In 1990, 83 percent of the district’s residents identified themselves as white, according to census data analyzed by the Queens College department of sociology. By 2000, that number had dropped to 63 percent. The foreign-born population of the district jumped to 39 percent from 29 percent during that time, according to the data, with the largest increase among Hispanics.
“All politics in New York are ethnic politics,” Mr. Maltese acknowledged. So, he said, he attends the meetings of as many different groups as possible.
“What I find with this new immigrant group is that it seems to be very traditional,” Joseph Scelsa, president of the Italian American Museum, in Manhattan, said of the newcomers in the district. “And although they are not the same immigrant groups that came before them, they have very traditional values in terms of family and values.”
Though many of them are Democrats, he said, they “are Democrats with Republican values.”
“Mr. Maltese has probably appealed to that constituency and appeals to that community for that reason,” Mr. Scelsa said.
Mr. Maltese has also surrounded himself with a diverse group of staff members who match the changing face of the communities around him.

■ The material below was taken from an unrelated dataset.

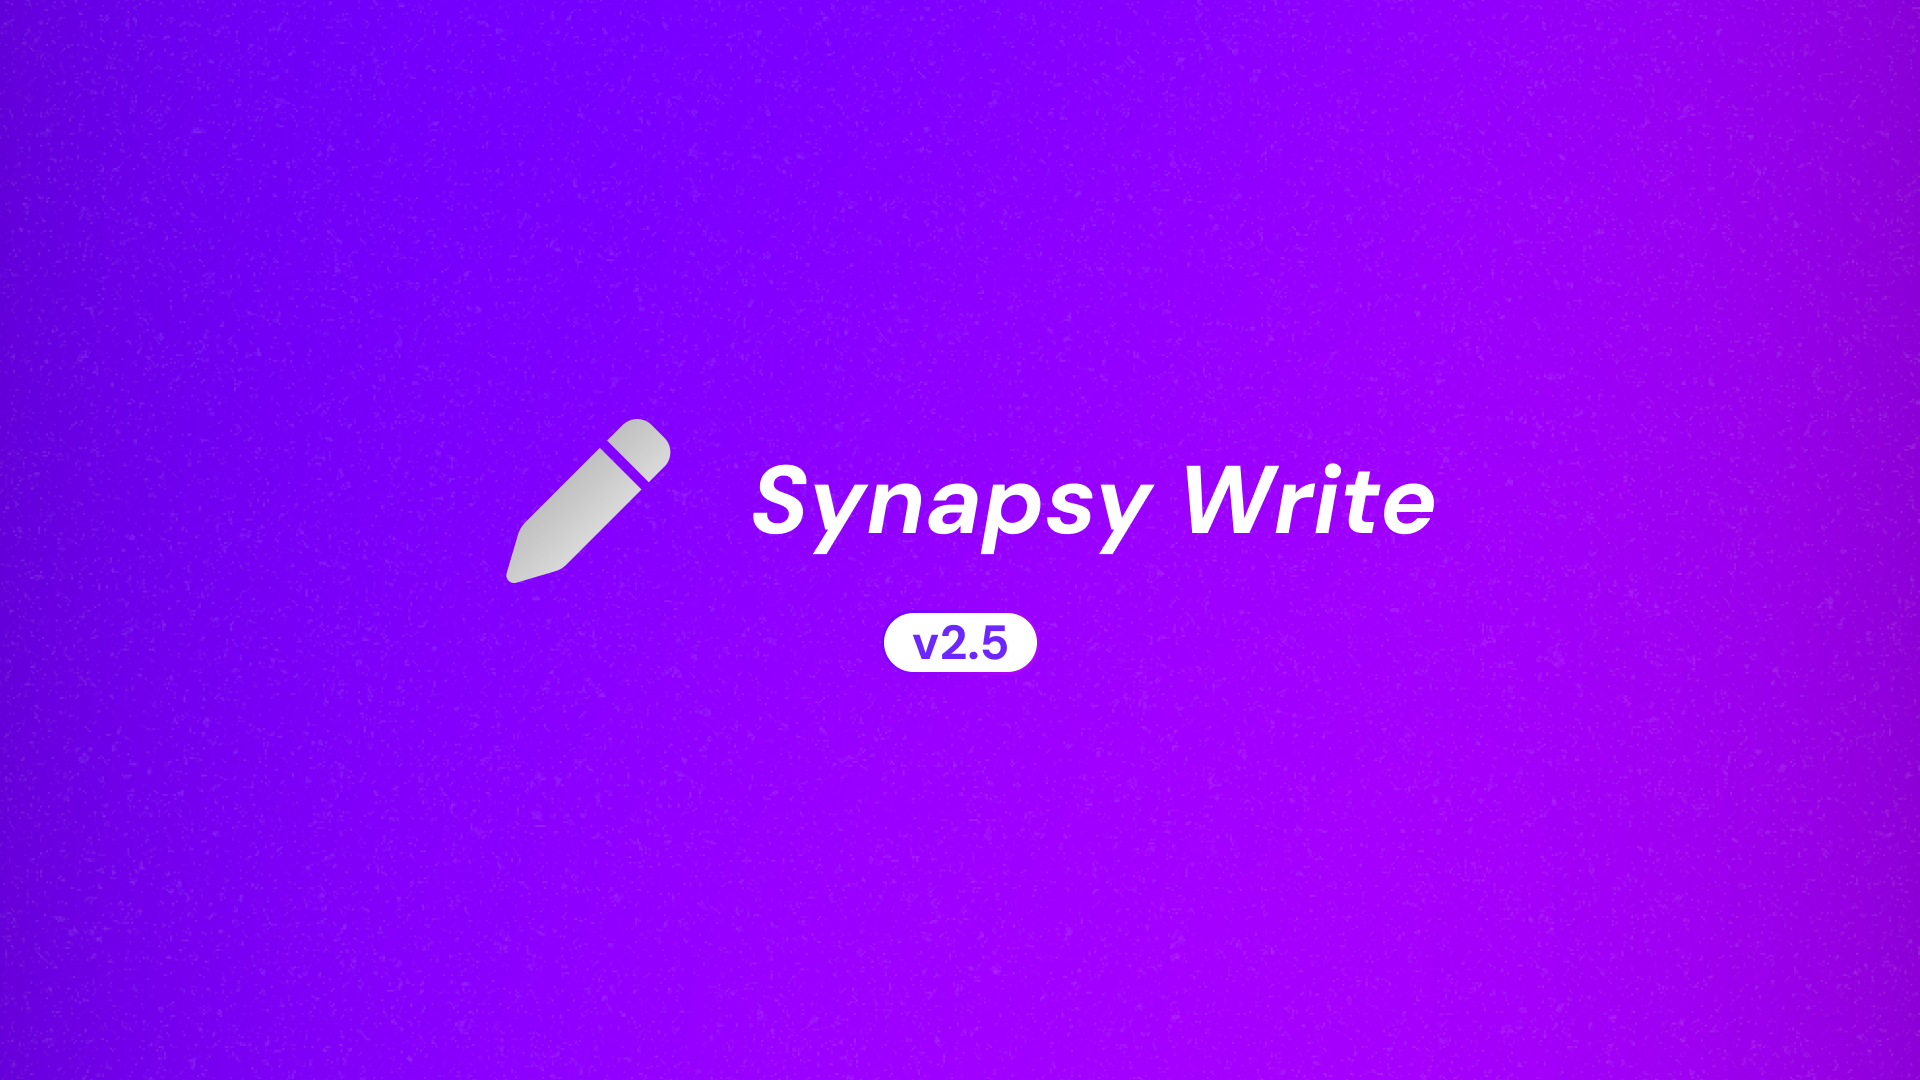 Synapsy Write v2.5.0 Changelog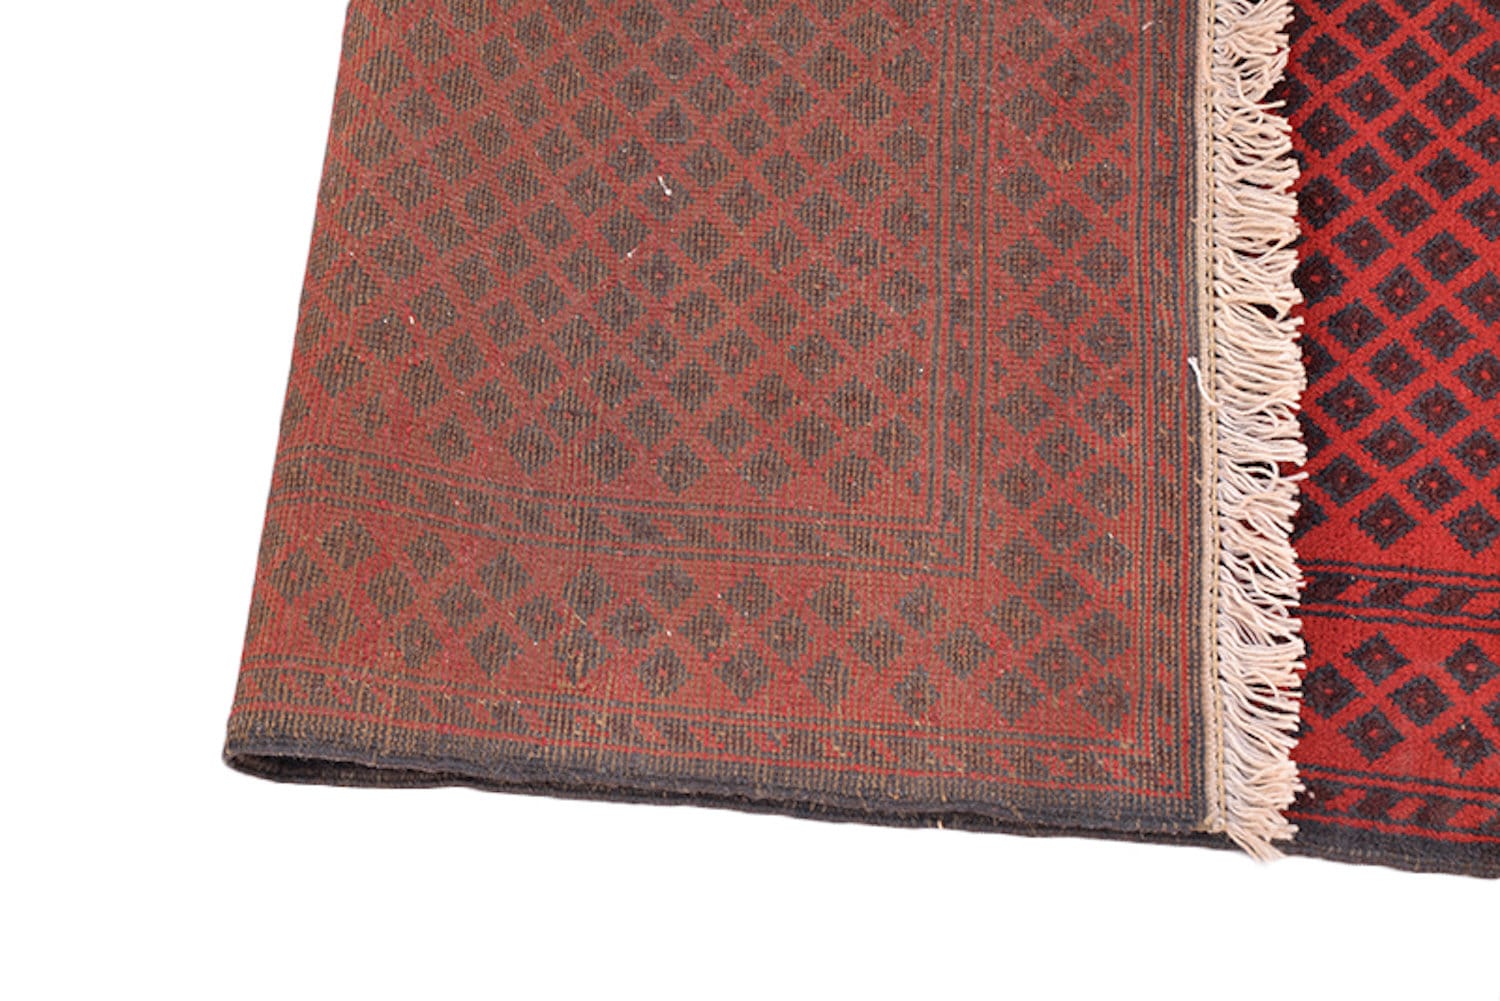 Dark Oriental Runner Rug | Vintage Red Runner | 2 x 9 Feet | Antique Runner Rug | Low Pile | Wool Hand Woven

They are Hispanic, Polish, Italian and Bangladeshi.
Still, it is clear he is not reaching everyone. In Richmond Hill, a few miles from the Cardella Senior Citizens Center, a bearded Sikh mechanic in a turban and an Indo-Guyanese shop owner hustled through their afternoon duties; Hispanic and Asian laborers and teenagers and business executives and tailors filled the sidewalks, streets and businesses.
“I will tell you one thing,” said one of them, a Guyanese store owner along 101st Avenue who said he speaks for many others. “The white politicians don’t care about us here.”
He said white elected officials could not rival the support or popularity that Mr. Baldeo has in the nonwhite immigrant community in Queens. “We know Baldeo and he will always do better in this neighborhood,” the store owner said. “You want to vote for someone who dwells in the same places you dwell and speaks to you in a certain way. He knows who we are.”